■ ACTIVITY ■
This exercise calls for the line with "Energielabel Koestraat 16-03 Tilburg", the line with "Bukhari and Muslim", and all lines between them in the material below, output exactly and with no other lines.

(EXTRACTED DATA)

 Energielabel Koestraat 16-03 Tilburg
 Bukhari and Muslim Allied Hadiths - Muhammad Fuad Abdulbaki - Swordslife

(End EXTRACTED DATA)
(EXTRACTED DATA)

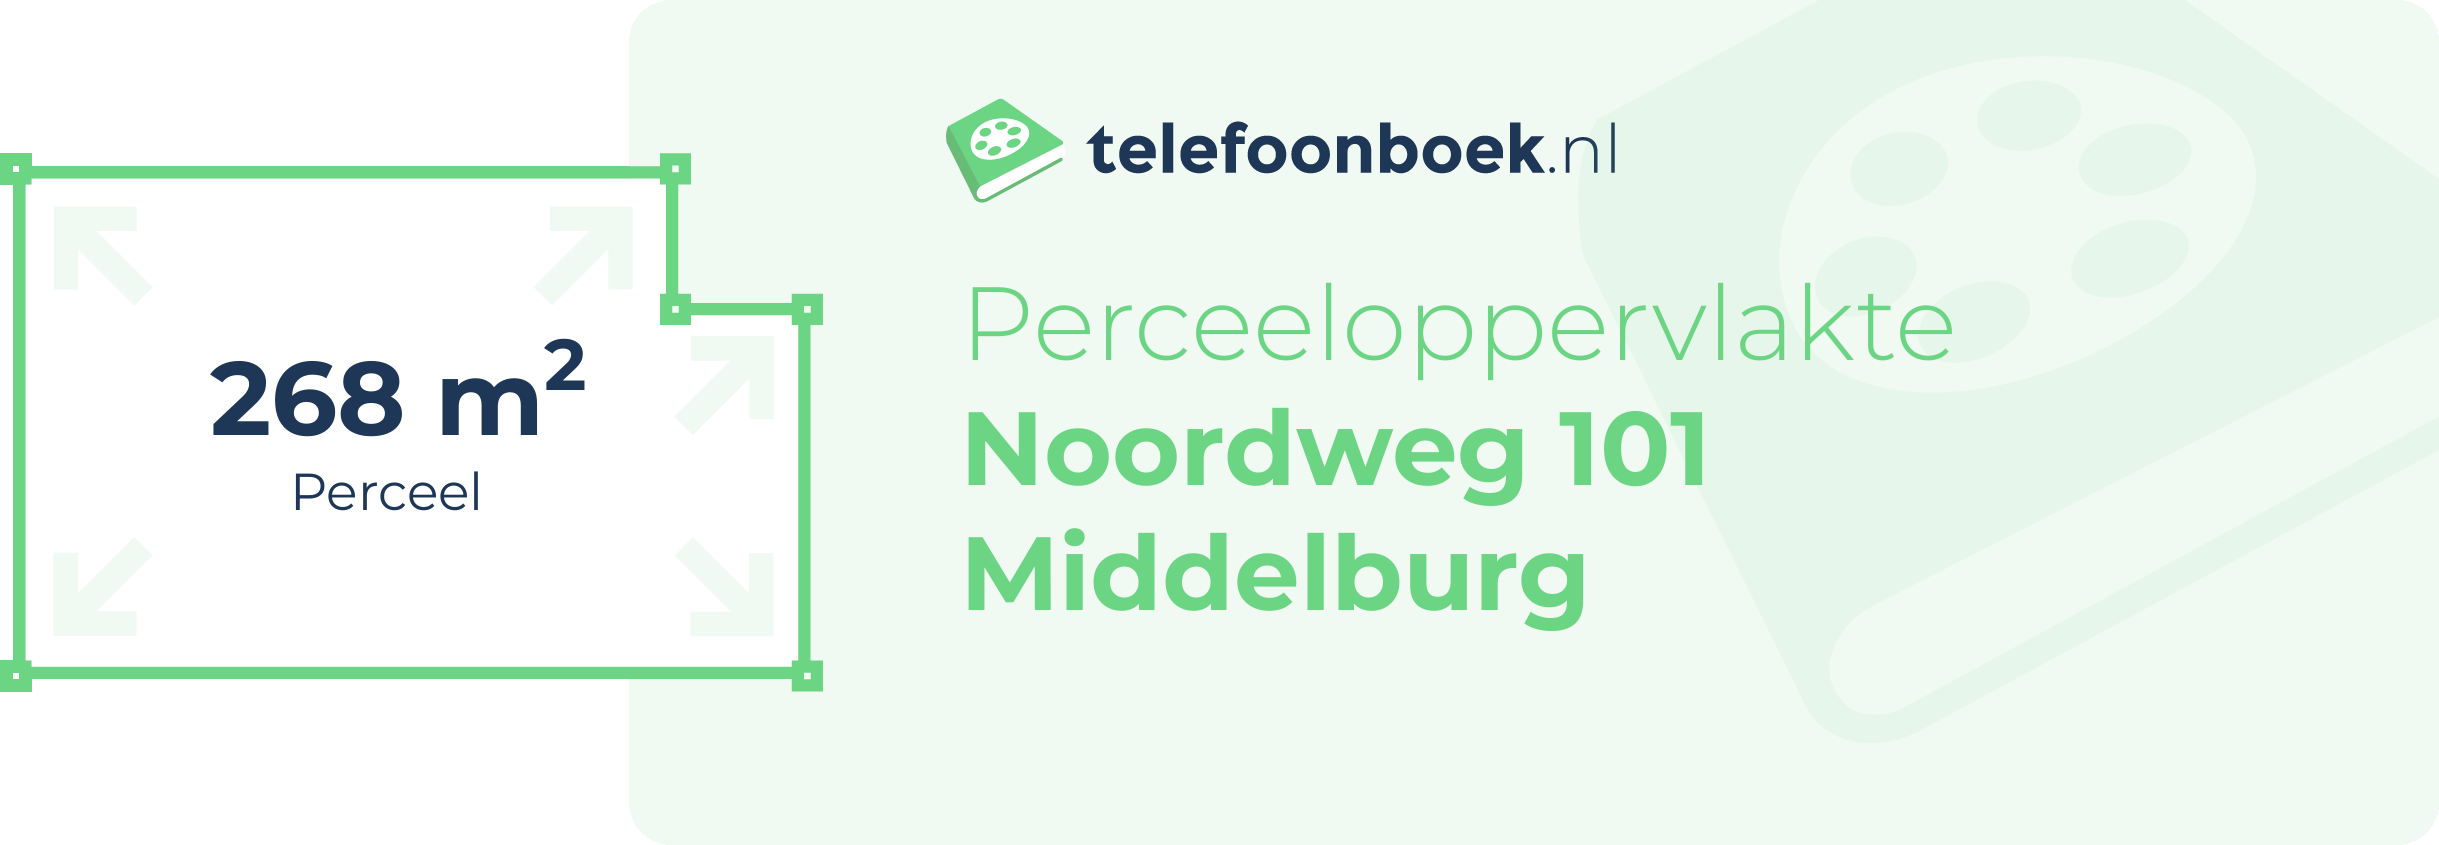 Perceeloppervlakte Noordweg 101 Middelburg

(End EXTRACTED DATA)

■ YOUR RESPONSE ■
 Energielabel Koestraat 16-03 Tilburg
 Bukhari and Muslim Allied Hadiths - Muhammad Fuad Abdulbaki - Swordslife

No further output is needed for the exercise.